Hi
I’m working on a space based tycoon game and as a part of that air management is a feature.
But i can’t figure out how to simulate air flow and pressure between the rooms i create.
in my prototype i have a central (green) square being the Oxygene provider, and around that i can place new (white) squares. the idea is that when a new white square is connected to the green square air pressure should drop and air should flow to the white square slowly turning it blue based on the current air volume and pressure.
Edit: Also each room has an Air consumption rate, so if air generation can’t keep up the rooms should slowly run out of air.
it’s easy enough for me to figure out with only two rooms, but the moment that number increases im at loss
thanks in advance
Did something similar in a project a few years ago. Fire fighting kind of game, where the oxygen of a room would be important for both fire and survival.
My solution was definitely not a simulation, but it gave an okay feeling and a bunch of variables that the designer could tweak. Here’s a really rough description of my solution, in case it’ll help:
It involved a controller that would know all the rooms (they registered on spawn). This controller would call each room a few times per second. It would take three steps (which wouldn’t need to be carried out in the same frame).
First it’d apply intake/usage of oxygen within each of the rooms.
Each room knew its neighbors and how much air flow could happen between them (door open/closed and such). So for the second step, the controller would then ask each room to see how much air would flow to the neighbors. These numbers were stored (oxygen gained/lost) for each room.

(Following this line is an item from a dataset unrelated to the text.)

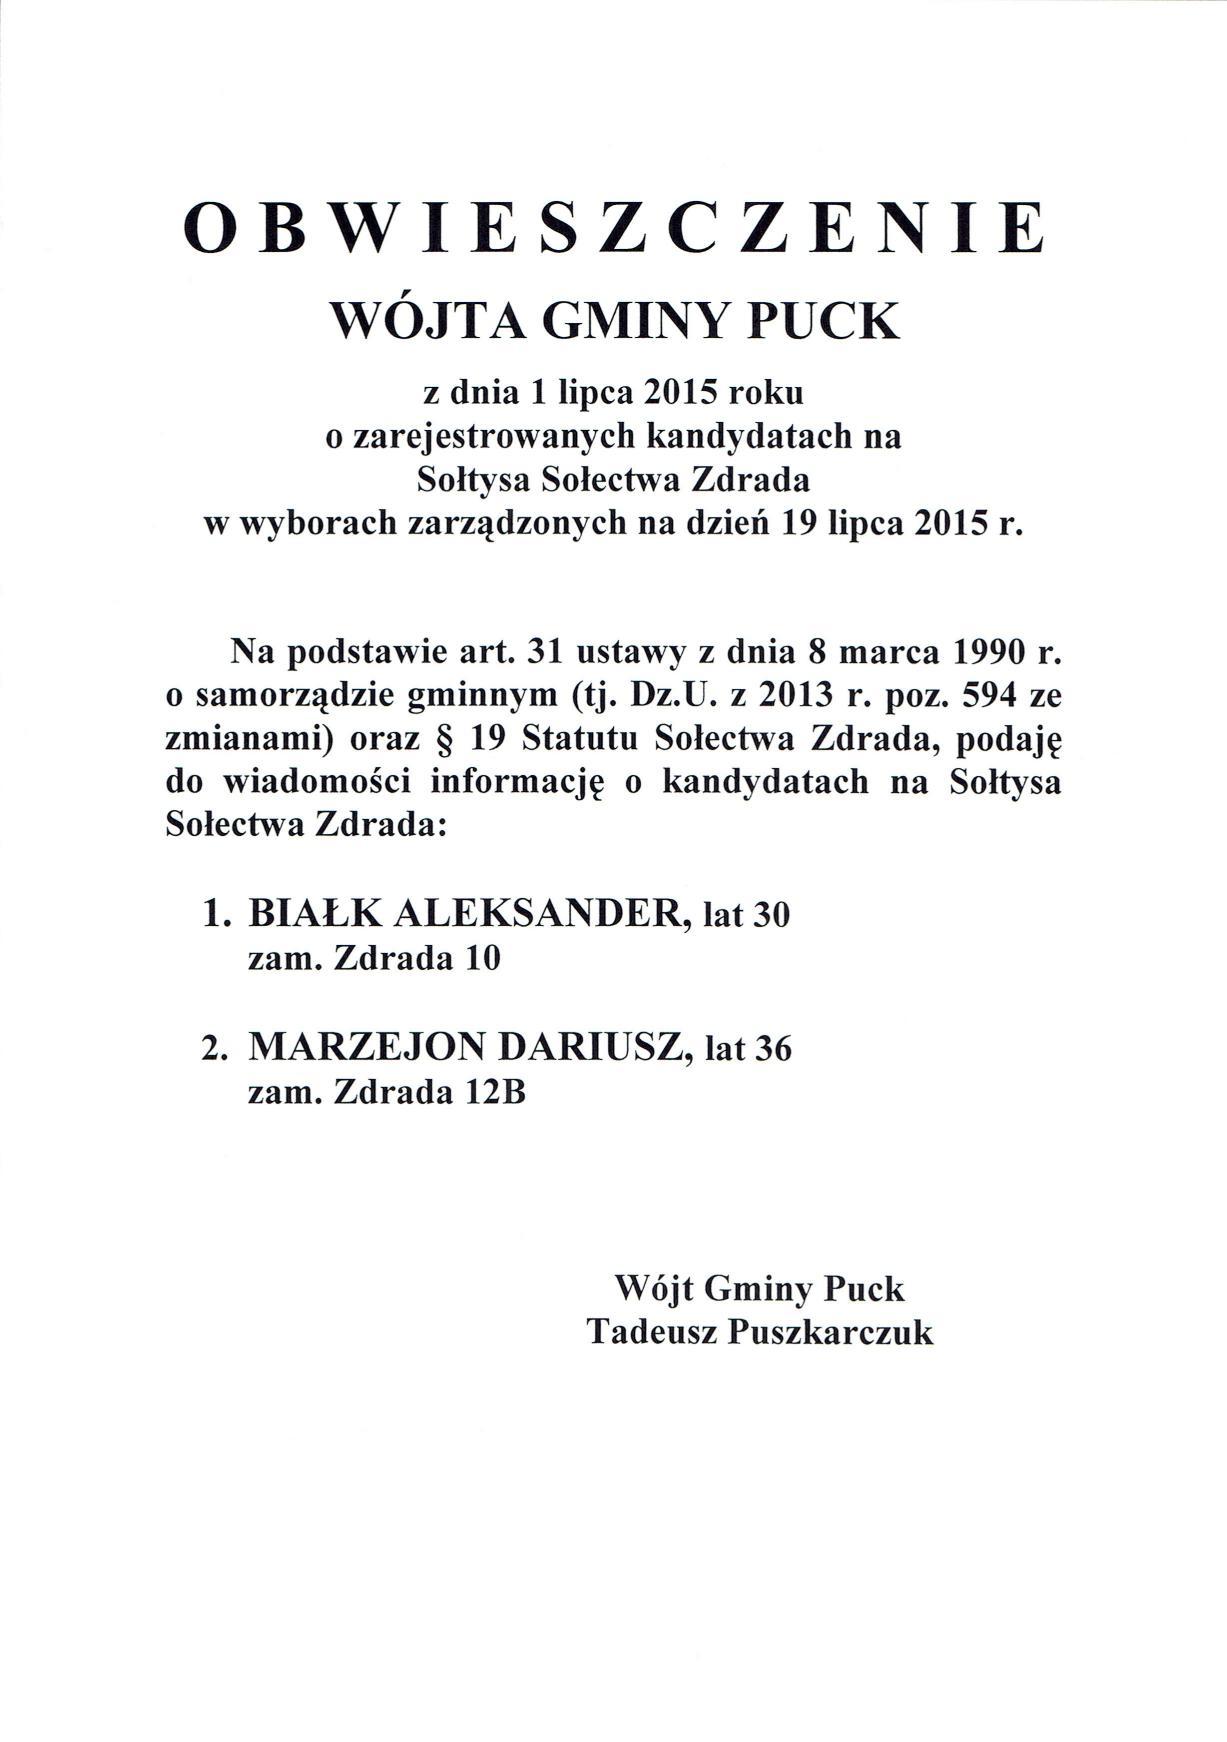 Obwieszczenie Wójta Gminy Puck z dnia 01.07.2015 - Wyb. Sołtysa Wsi Zdrada_02

In step three, the controller would go over all the room again, and ask them to apply oxygen gained/lost. The reason for splitting step two and three up was to make sure that the order in which the rooms registered on the controller wouldn’t matter when progressing this.

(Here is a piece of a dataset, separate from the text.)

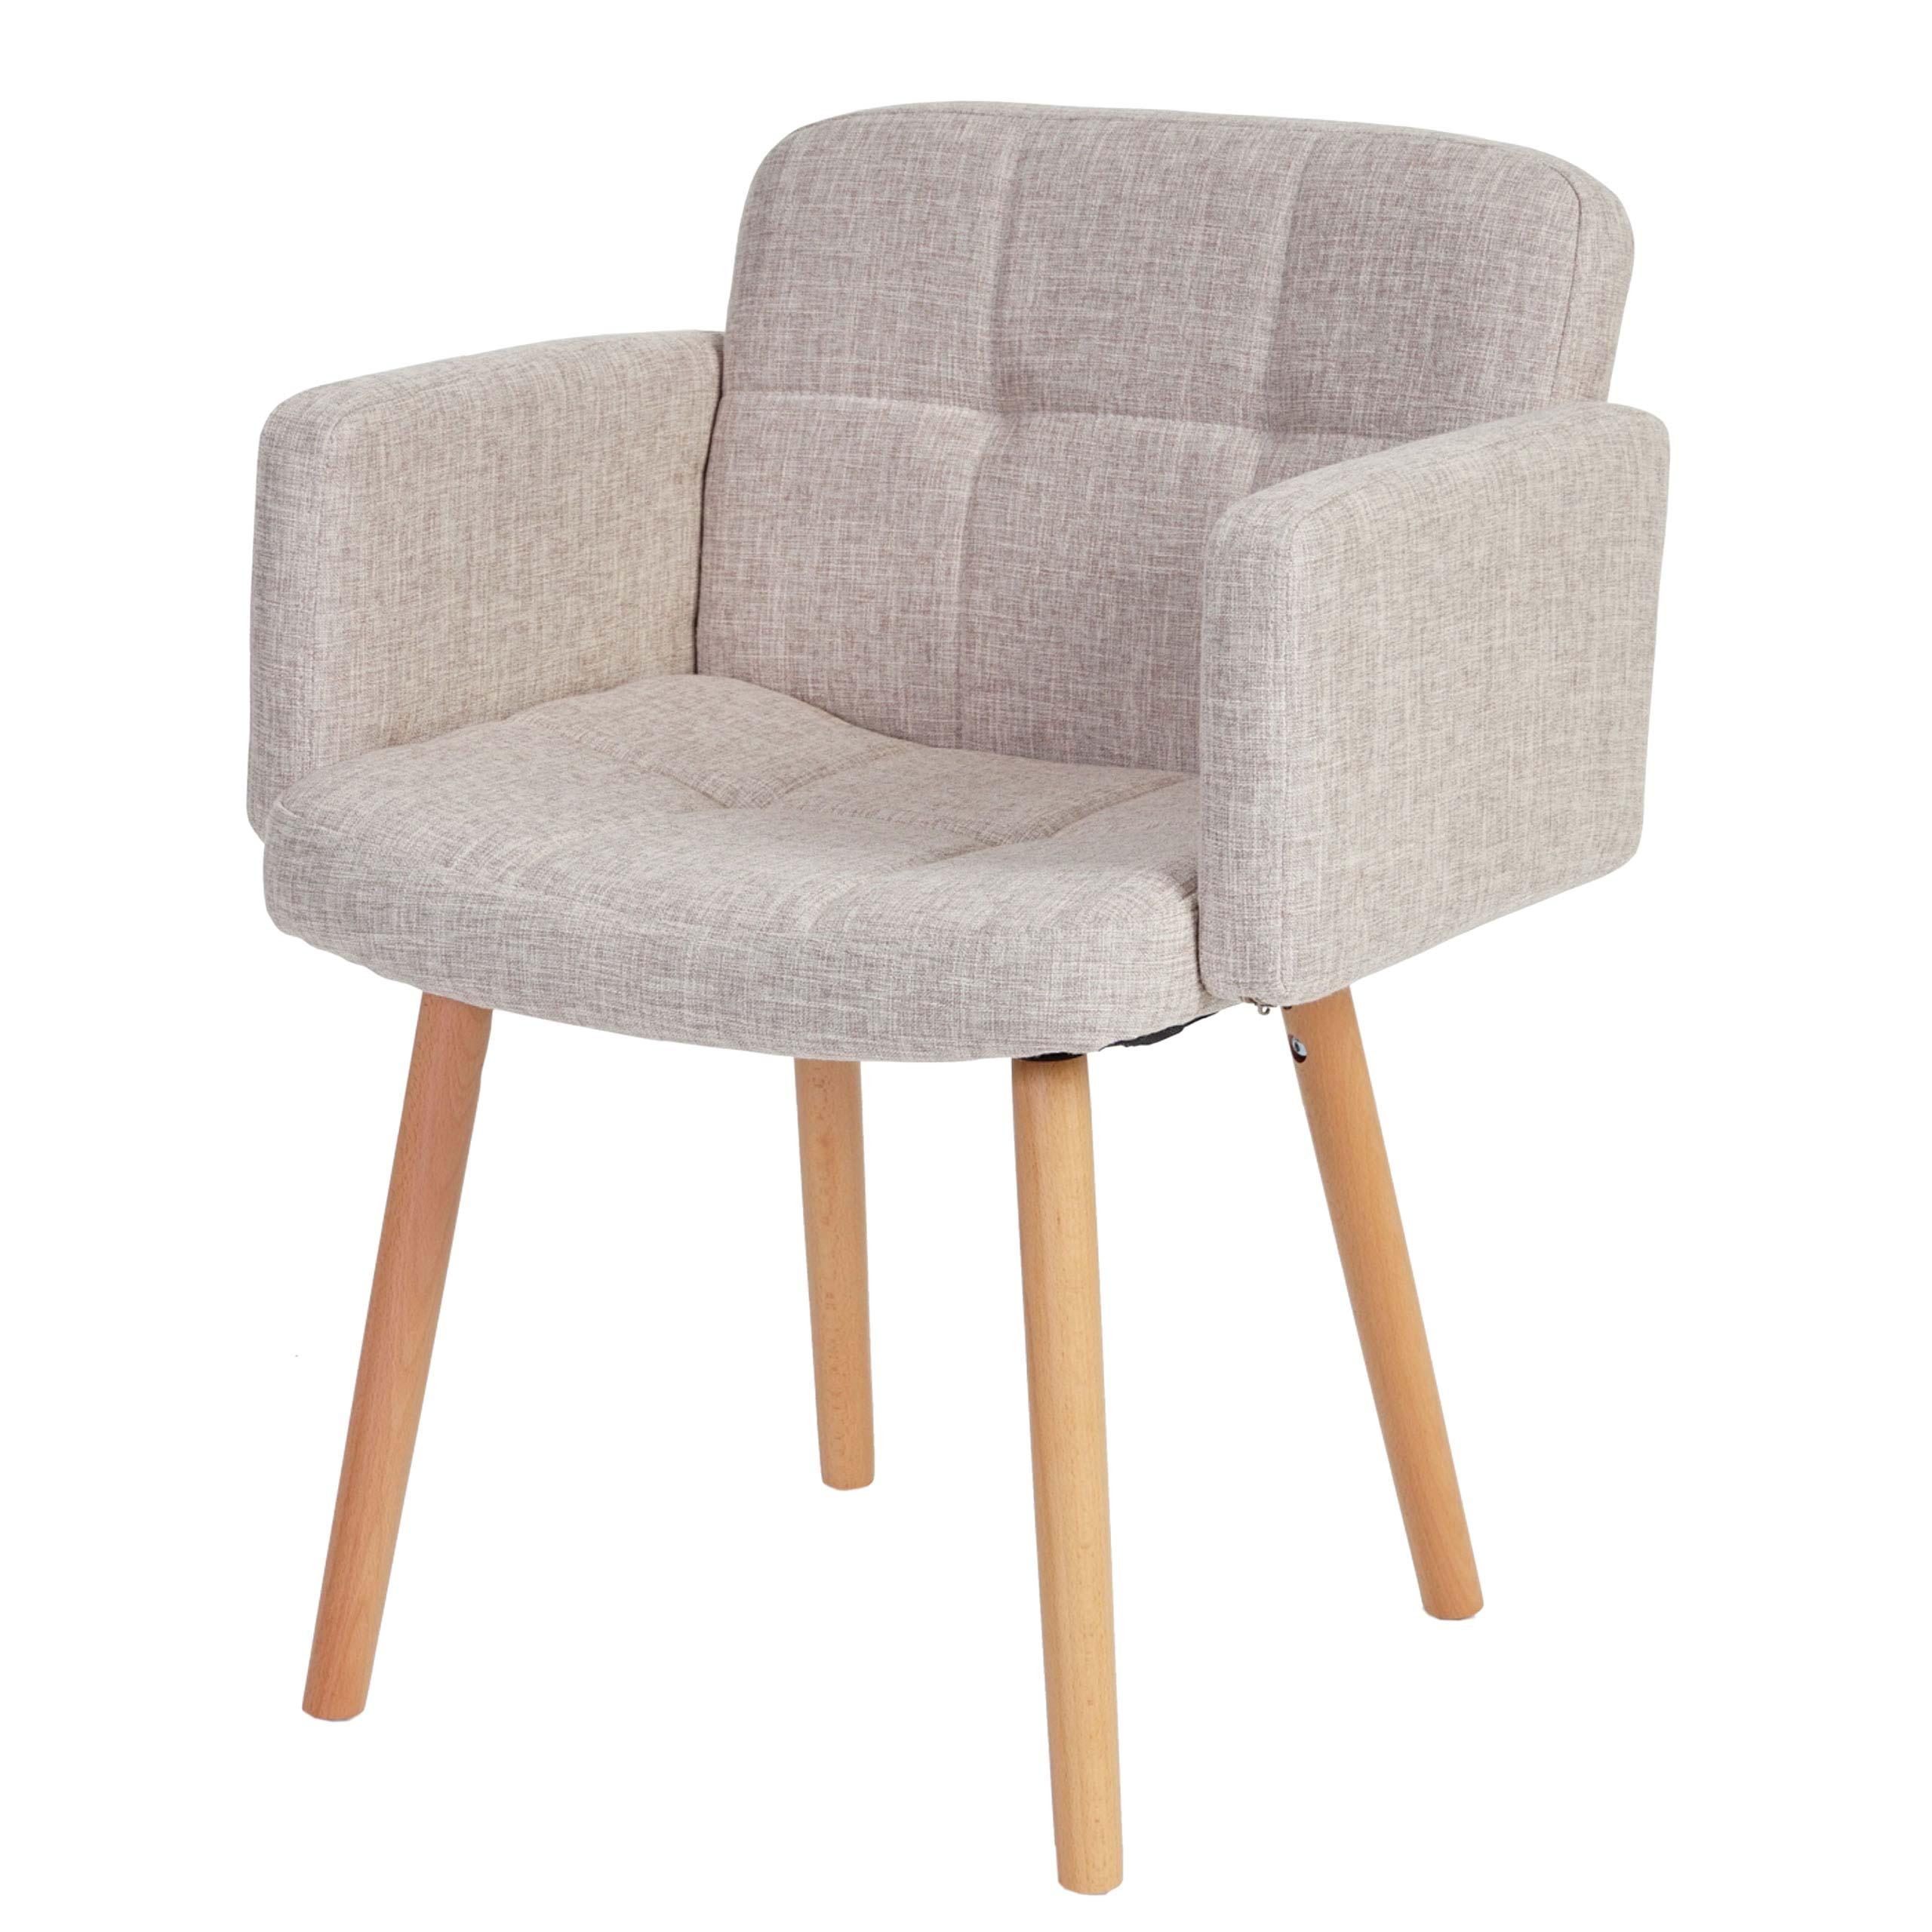 Design Esszimmerstuhl orlando ii stuhl lehnstuhl retro design textil creme grau

This can have many solutions, easy solutions, which are not as precise and extremely complicated ones. First thing what comes to my mind is why not use small rigidbodies as air particles? Create them and apply slight force, they will fly into your corridors and “look like” air. You could apply smart mapping or just particle texture on those rigidbody points later on. Each of those particles could also contain some component which slightly moves them in random direction (or depending on some singleton manager) to ensure they will never actually stop.